Very early in life, neurons in the brain begin forming connections with one another. But it turns out that during normal development, a startling number can link up to the wrong cells and must be pushed back in the right direction, according to a new study on baby mice.
The finding, detailed Feb. 8 in the journal PLoS ONE, could shed light on brain disorders such as autism, according to one researcher. Mice are often used as a model for human biology, and the researchers think a similar phenomenon occurs in humans.
An international research team made their discovery by observing the development of the cerebellum – a region of the brain responsible for motor control and also linked with attention, language and emotion in humans. During the first three weeks after a mouse is born, the neurons of the cerebellum connect to one another by forming synapses.
The team focused on the connections between three types of cells: granule and Purkinje cells of the cerebellum and the long stems — or axons — of neurons in the brain stem.
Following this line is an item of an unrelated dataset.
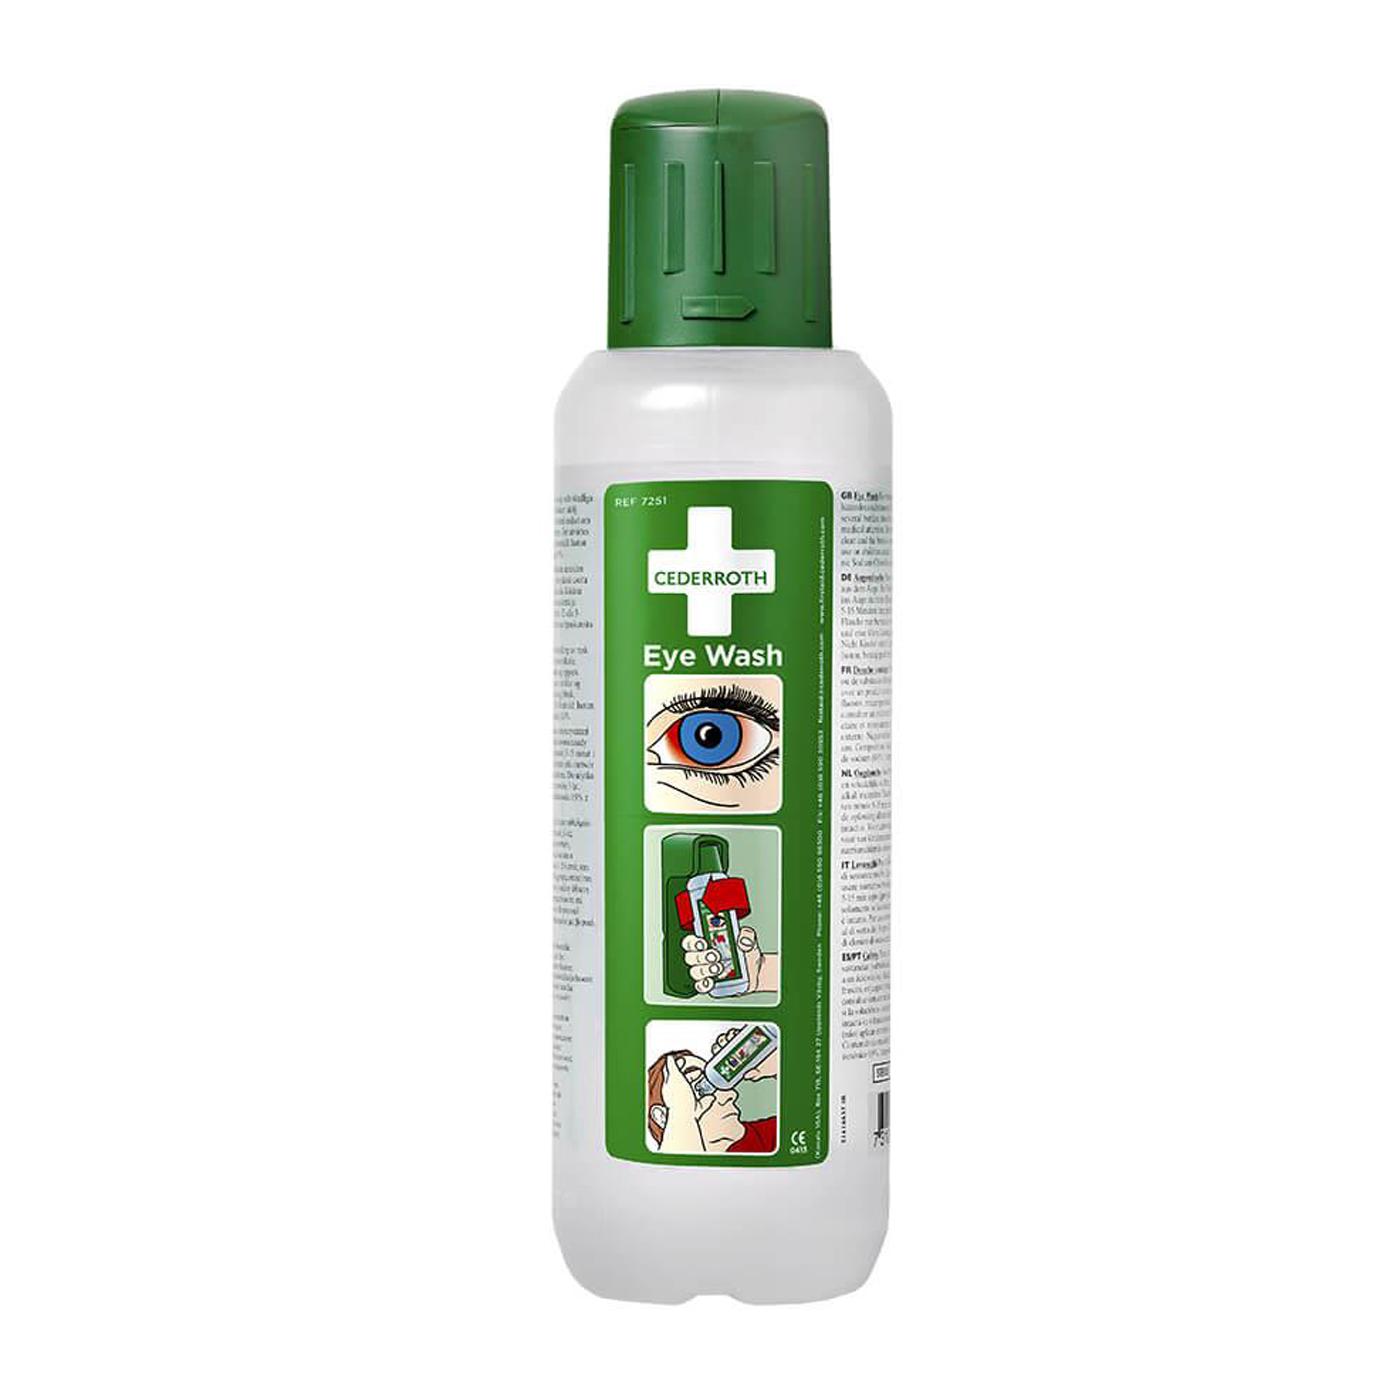 Płukanka do oczu Cederroth Eye Wash, 2x500ml 725200
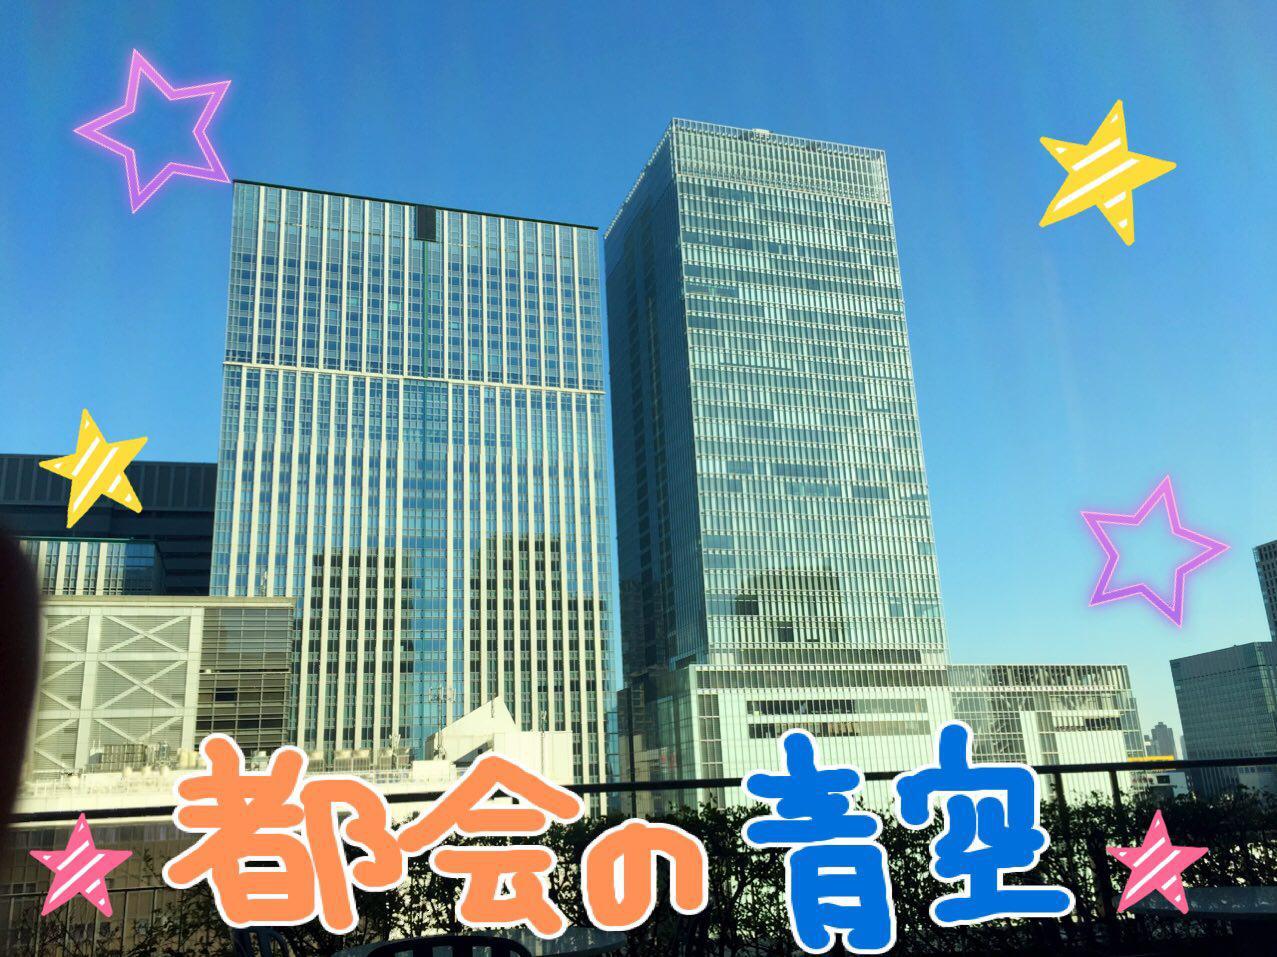 photo_2017-02-15_23-49-39.jpg

These axons carry information to the cerebellum. Together the cells are part of a system that allows the brain to receive information and convert it to a response.
The axons, also called mossy fibers, normally connect to the granule cells. The granule cells, in turn, connect to the Purkinje cells. However, when the researchers looked at the developing mouse brains using sophisticated microscopy techniques, they found that in 30 percent of cases, the mossy fibers were forming bad connections by heading directly to the Purkinje cells, according to study researcher Peter Schieffele of Biozentrum at the University of Basel in Switzerland. (The work was done in collaboration with a group at Columbia University in New York led by Carol Mason.)
The researchers also determined that a substance known as bone morphogenetic protein 4, which plays a role in bone development, helped correct these errors.
"What we demonstrate here is that you have a negative system that repels axons from an inappropriate target, thereby steering them to the right target," Schieffele told LiveScience.
This line of inquiry could have implications for the study of certain neurological disorders. For instance, there is a hypothesis that autism arises from a failure to eliminate inappropriate connections, resulting in a "miswired" nervous system that cannot function properly, he said.